William and John Marston walked on without answering. And then the two other Master Lees fell on to Master Lee up to Slarrow, and verbally ill-treated him—partly because he had got no information out of William, and partly because, having both sat quiet and given him plenty of rope, he had not hanged himself. Master Lee up to Slarrow had evil times of it that blessed spring afternoon, and ended by "dratting" both his companions, for a couple of old fools. After which, they adjourned to the public-house and hard cider, sent them to drink for their sins.
"They'll never make a scholar of me, Marston," said William; "I will go on at it for a year, but no more, I shall away soon to hunt up Charles. Is there any police in America?"
Marston answered absently, "Yes; he believed so;" but was evidently thinking of something else.

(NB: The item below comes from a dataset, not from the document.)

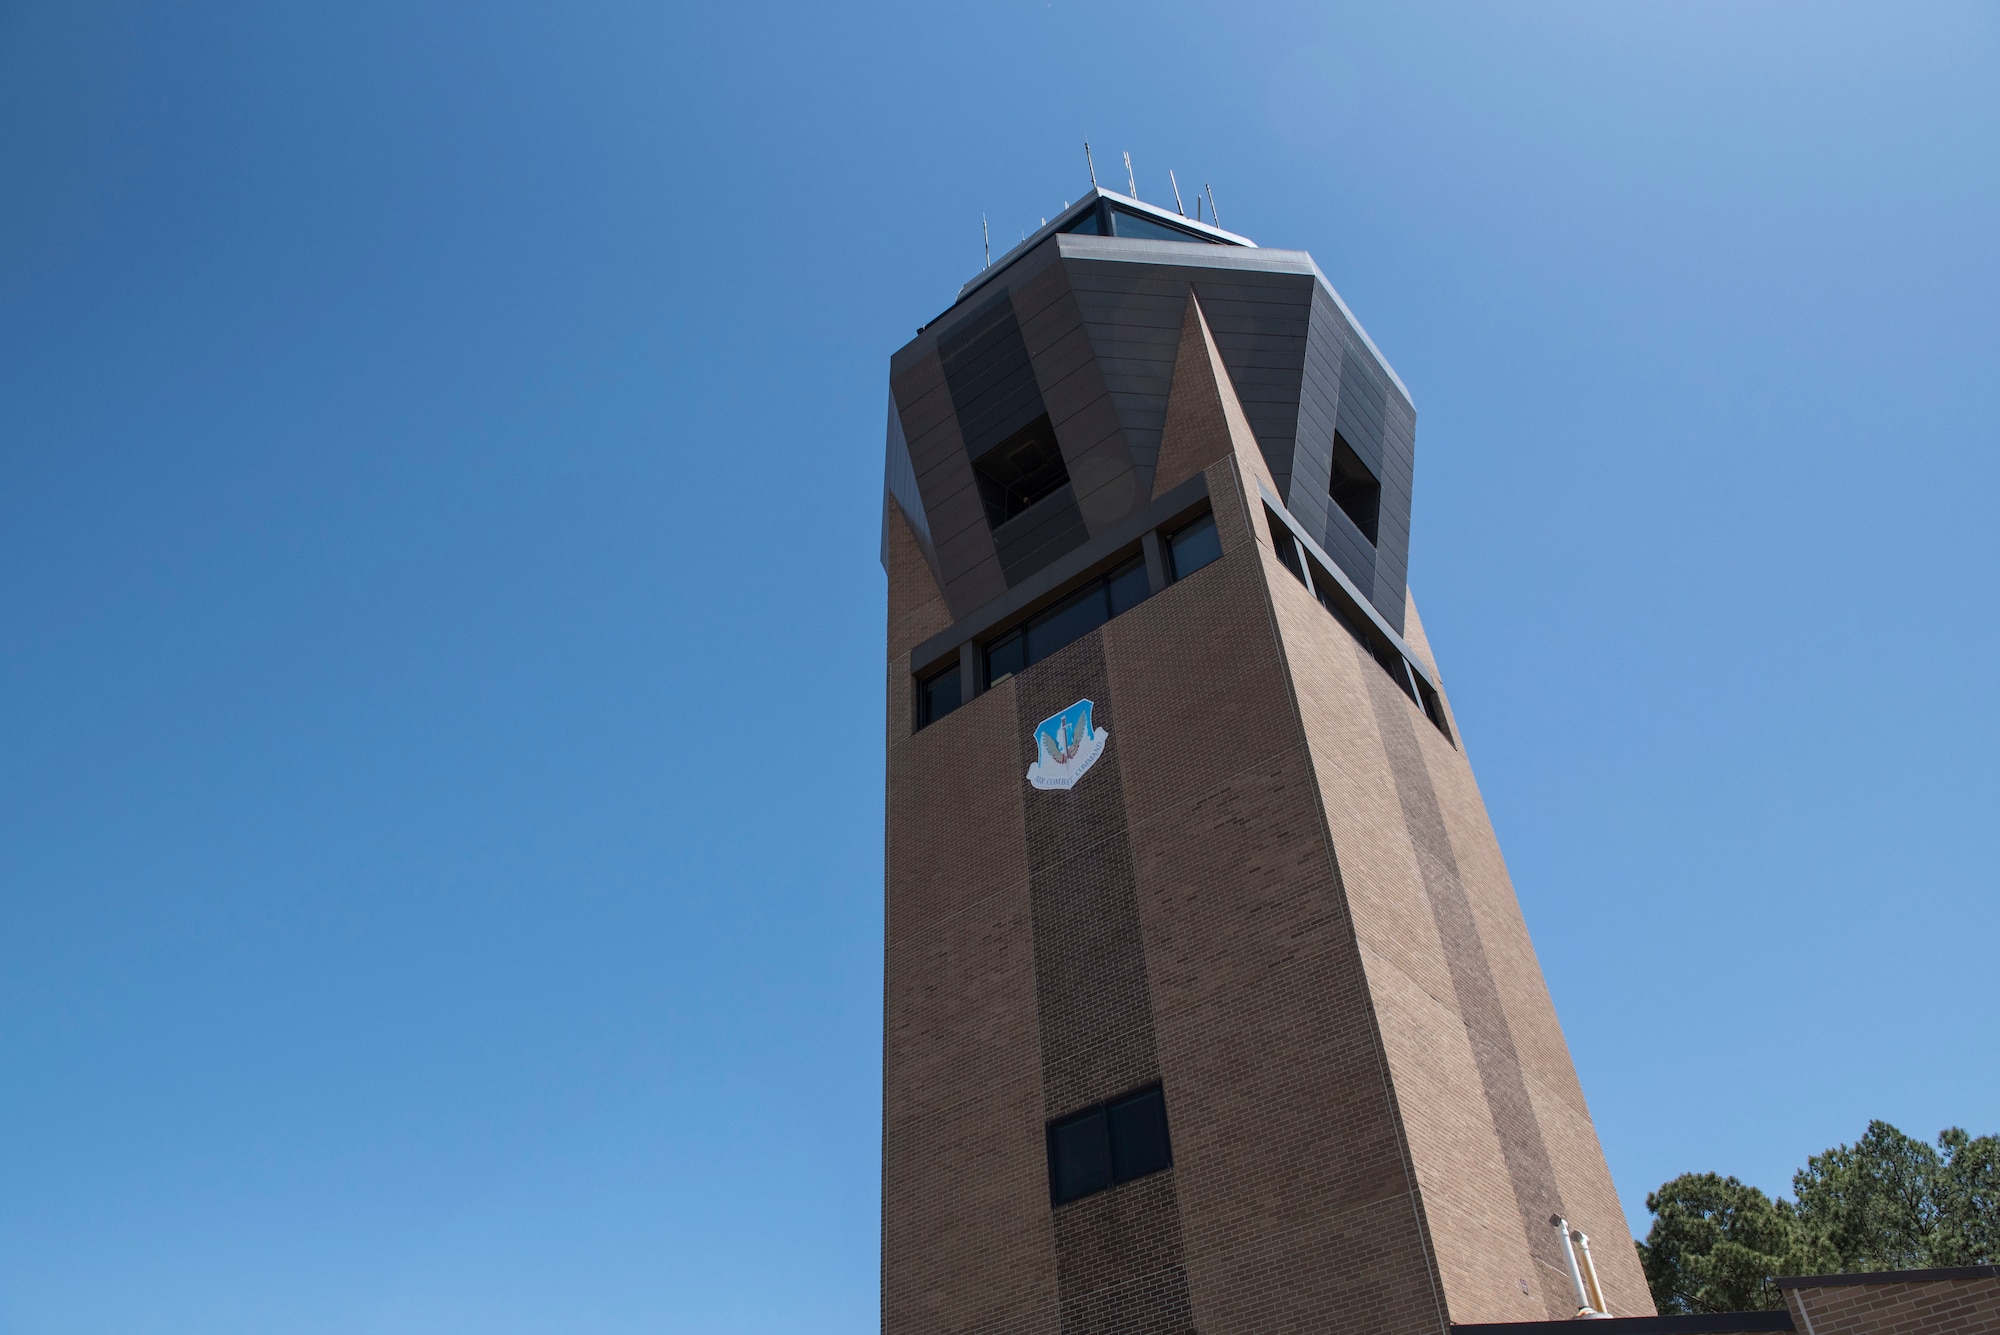 Airmen assigned to the 20th Operations Support Squadron air traffic control tower direct aircraft within their designated airspace to ensure smooth operations and safety.

They had gone sauntering out for a walk together. Marston had come down from Oxford the day before (after an examination for an Exeter fellowship, I believe) for change of air; and he thought he would like to walk with William up to the top of the lofty promontory, which bounded Ravenshoe Bay on the west, and catch the pleasant summer breeze coming in from the Atlantic.
On the loftiest point of all, with the whispering blue sea on three sides of them, four hundred feet below, there they sat down on the short sheep-eaten turf, and looked westward.
Cape after cape stretched away under the afternoon sun, till the last seemed only a dark cloud floating on the sea. Beyond that cape there was nothing but water for three thousand weary miles. The scene was beautiful enough, but very melancholy; a long coastline trending away into dim distance, on a quiet sunny afternoon, is very melancholy. Indeed, far more melancholy than the same place in a howling gale: when the nearest promontory only is dimly visible, a black wall, echoing the thunder of bursting waves, and when sea, air, and sky, like the three furies, are rushing on with mad, destructive unanimity.
They lay, these two, on the short turf, looking westward; and, after a time, John Marston broke silence. He spoke very low and quietly, and without looking at William.
"I have something very heavy on my mind, William. I am not a fool, with a morbid conscience, but I have been very wrong. I have done what I never can undo. I loved that fellow, William!"
William said "Ay."
"I know what you would say. You would say, that every one who ever knew Charles loved him; and you are right. He was so utterly unselfish, so entirely given up to trying to win others, that every one loved him, and could not help it. The cleverest man in England, with all his cleverness, could not gain so many friends as Charles."